NCERT Solutions Class 8 Maths Chapter 1 Rational Numbers

NCERT Solutions Class 8 Maths chapter 1 expands in detail on the various properties of rational numbers and how to apply these concepts to solve problems successfully.

A rational number is any number that may be written in the form p/q with q ≠ 0, which makes it one of the most basic topics in Chapter 1. Essentially, it is a fraction having a non-zero denominator.

The NCERT solutions can be referred to by the students to clear their doubts or understand the concepts in more detail while solving the exercise questions. Solutions given for the sub-topics in Chapter 1 will provide a closer view of the concept, so the students can strengthen their understanding of rational numbers. Proper mastering of this concept is not only required to score good marks in Class 8 but also to get good marks in the final examinations.

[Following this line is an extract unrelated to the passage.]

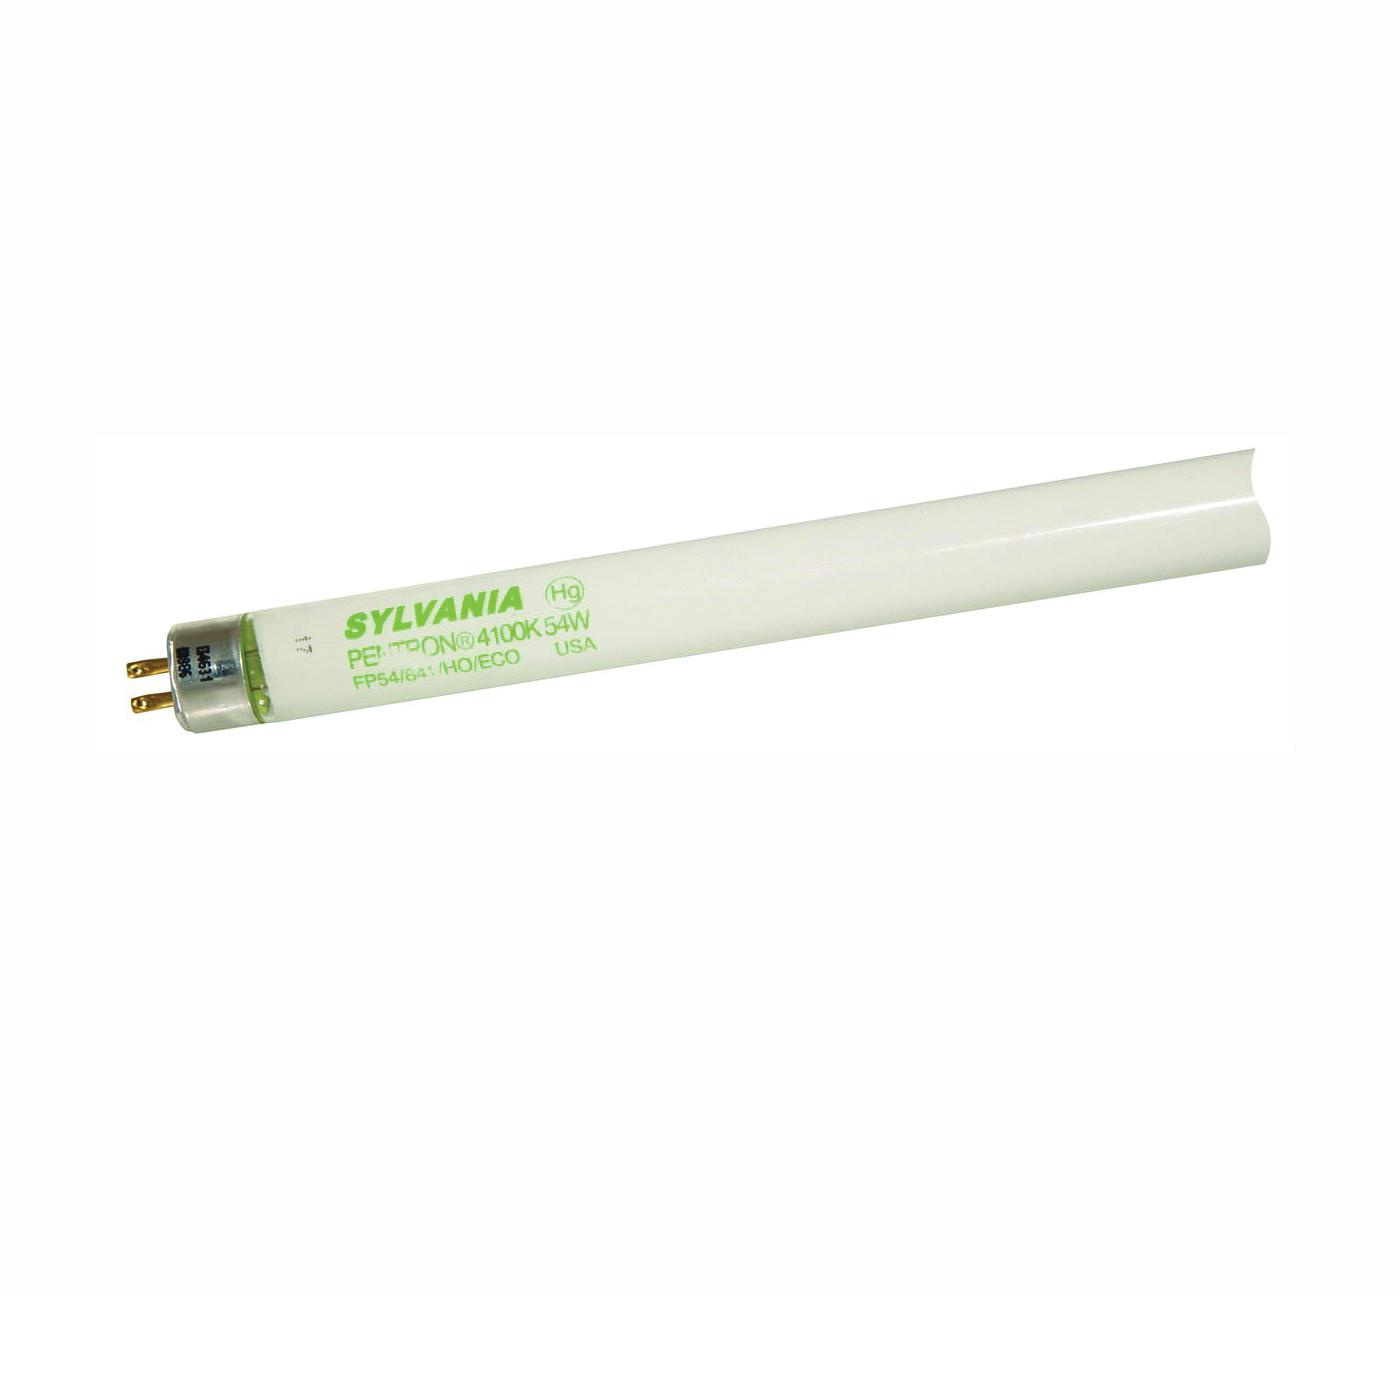 Picture of Sylvania 20906 Fluorescent Lamp, 54 W, T5 Lamp, Miniature G5 Lamp Base, 4650 Lumens, 4100 K Color Temp

1.0NCERT Solutions for Class 8 Maths Chapter 1 PDF Download

The topics covered in class 8 maths NCERT solutions chapter 1 are closure property, commutativity, associativity, distributive property, additive inverse, and multiplicative inverse, and verifying whether they are true for various arithmetic operations involving addition, subtraction, multiplication, and division.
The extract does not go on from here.